WORK TASK | Would you please transcribe, exactly as written, the lines of the entries below starting at the one that holds "Kleines Wörterbuch der" and ending at the one that holds "Let's Explore Kids Unisex T Shirt", both included?

SOURCE DATA |
++++

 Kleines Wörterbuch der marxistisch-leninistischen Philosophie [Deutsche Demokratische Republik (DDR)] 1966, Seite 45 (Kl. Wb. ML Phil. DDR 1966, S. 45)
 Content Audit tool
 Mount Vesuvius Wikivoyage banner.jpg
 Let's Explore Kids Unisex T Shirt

++++

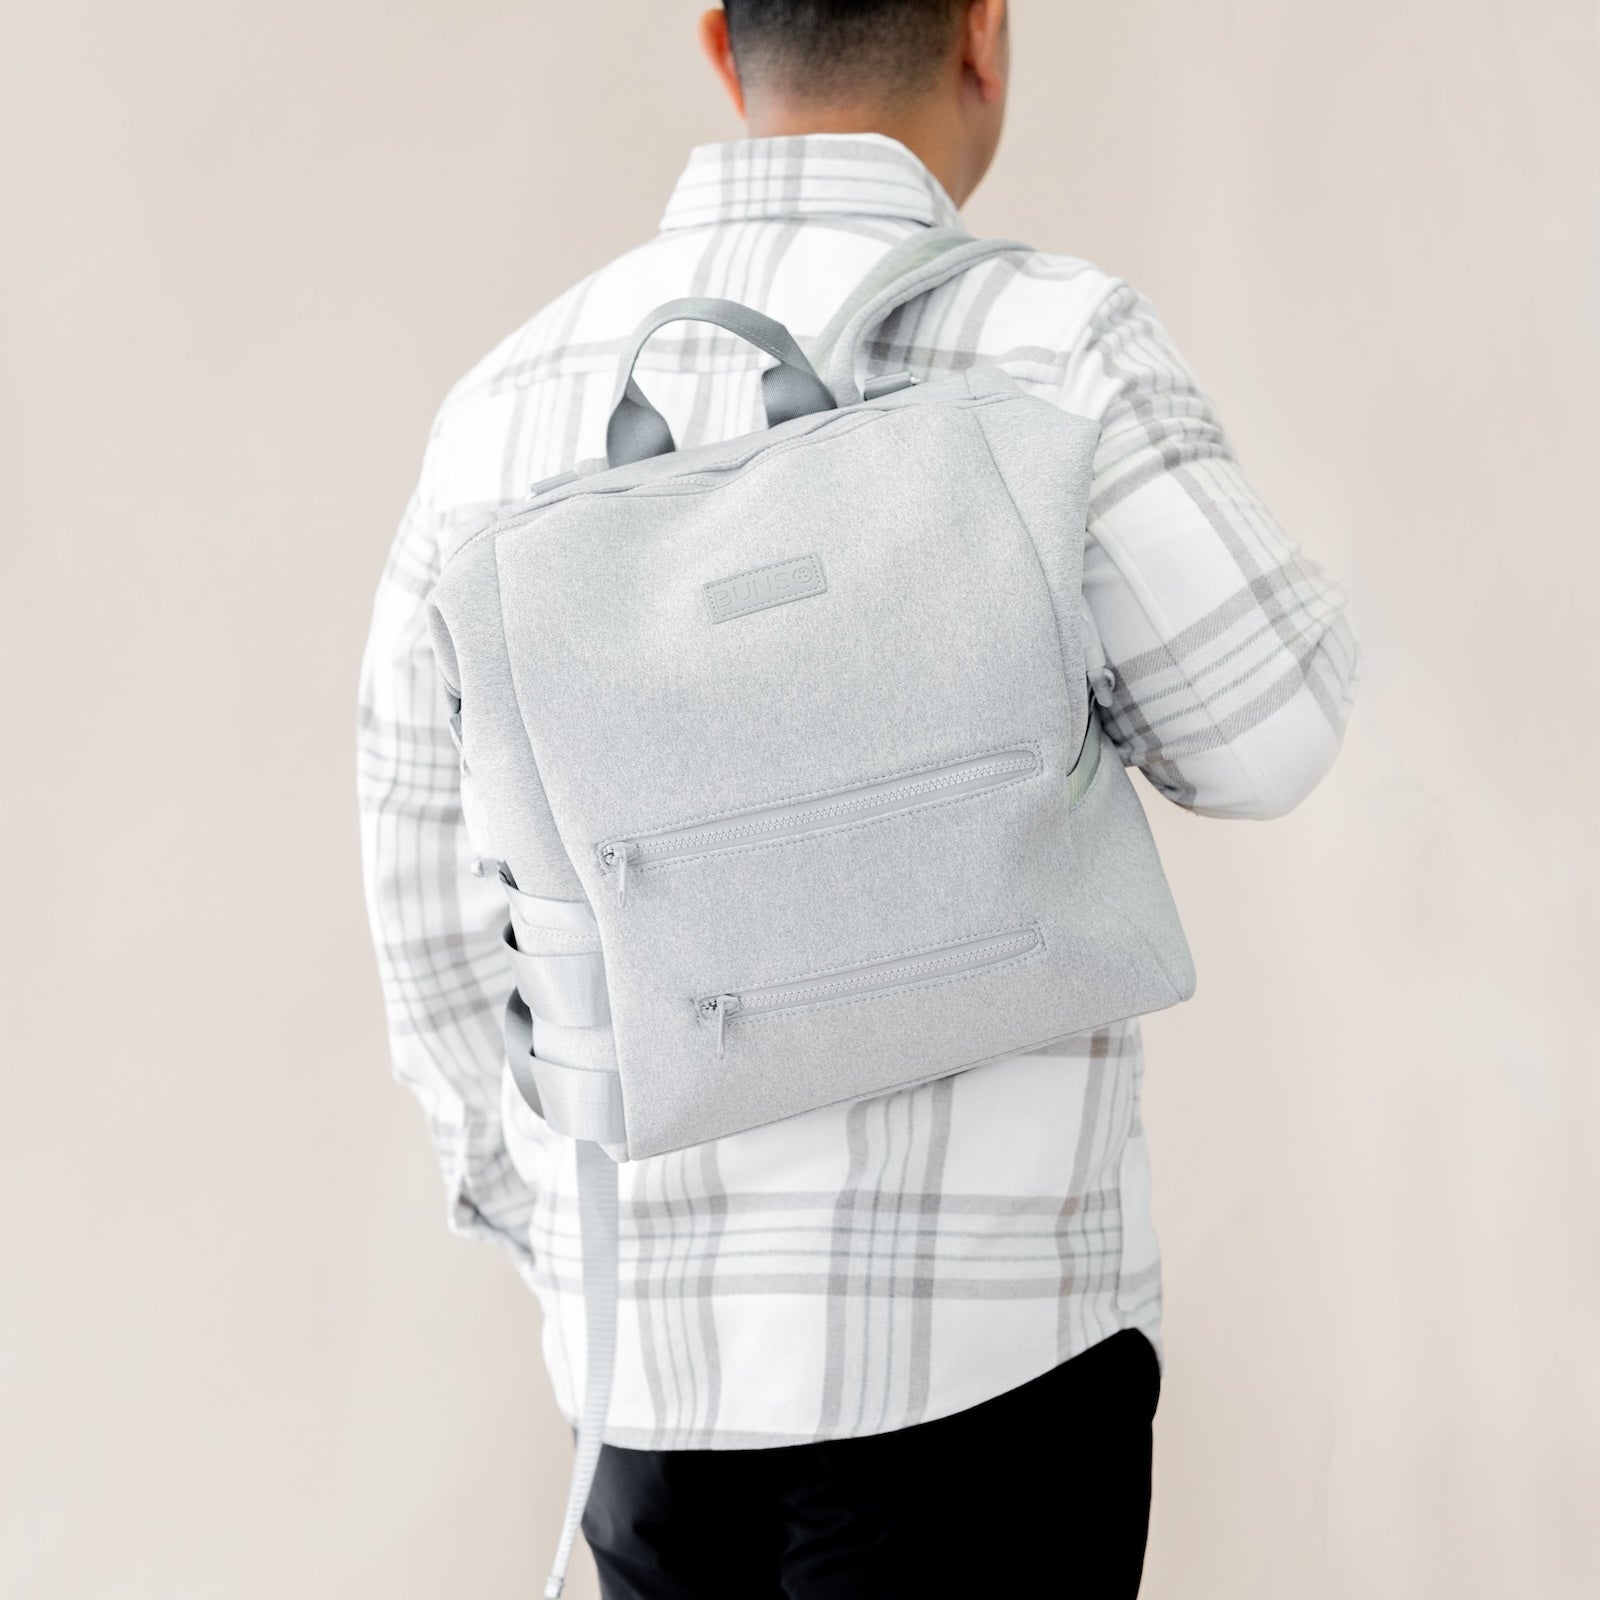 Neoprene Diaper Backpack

++++

THE COMPLETED TASK |
 Kleines Wörterbuch der marxistisch-leninistischen Philosophie [Deutsche Demokratische Republik (DDR)] 1966, Seite 45 (Kl. Wb. ML Phil. DDR 1966, S. 45)
 Content Audit tool
 Mount Vesuvius Wikivoyage banner.jpg
 Let's Explore Kids Unisex T Shirt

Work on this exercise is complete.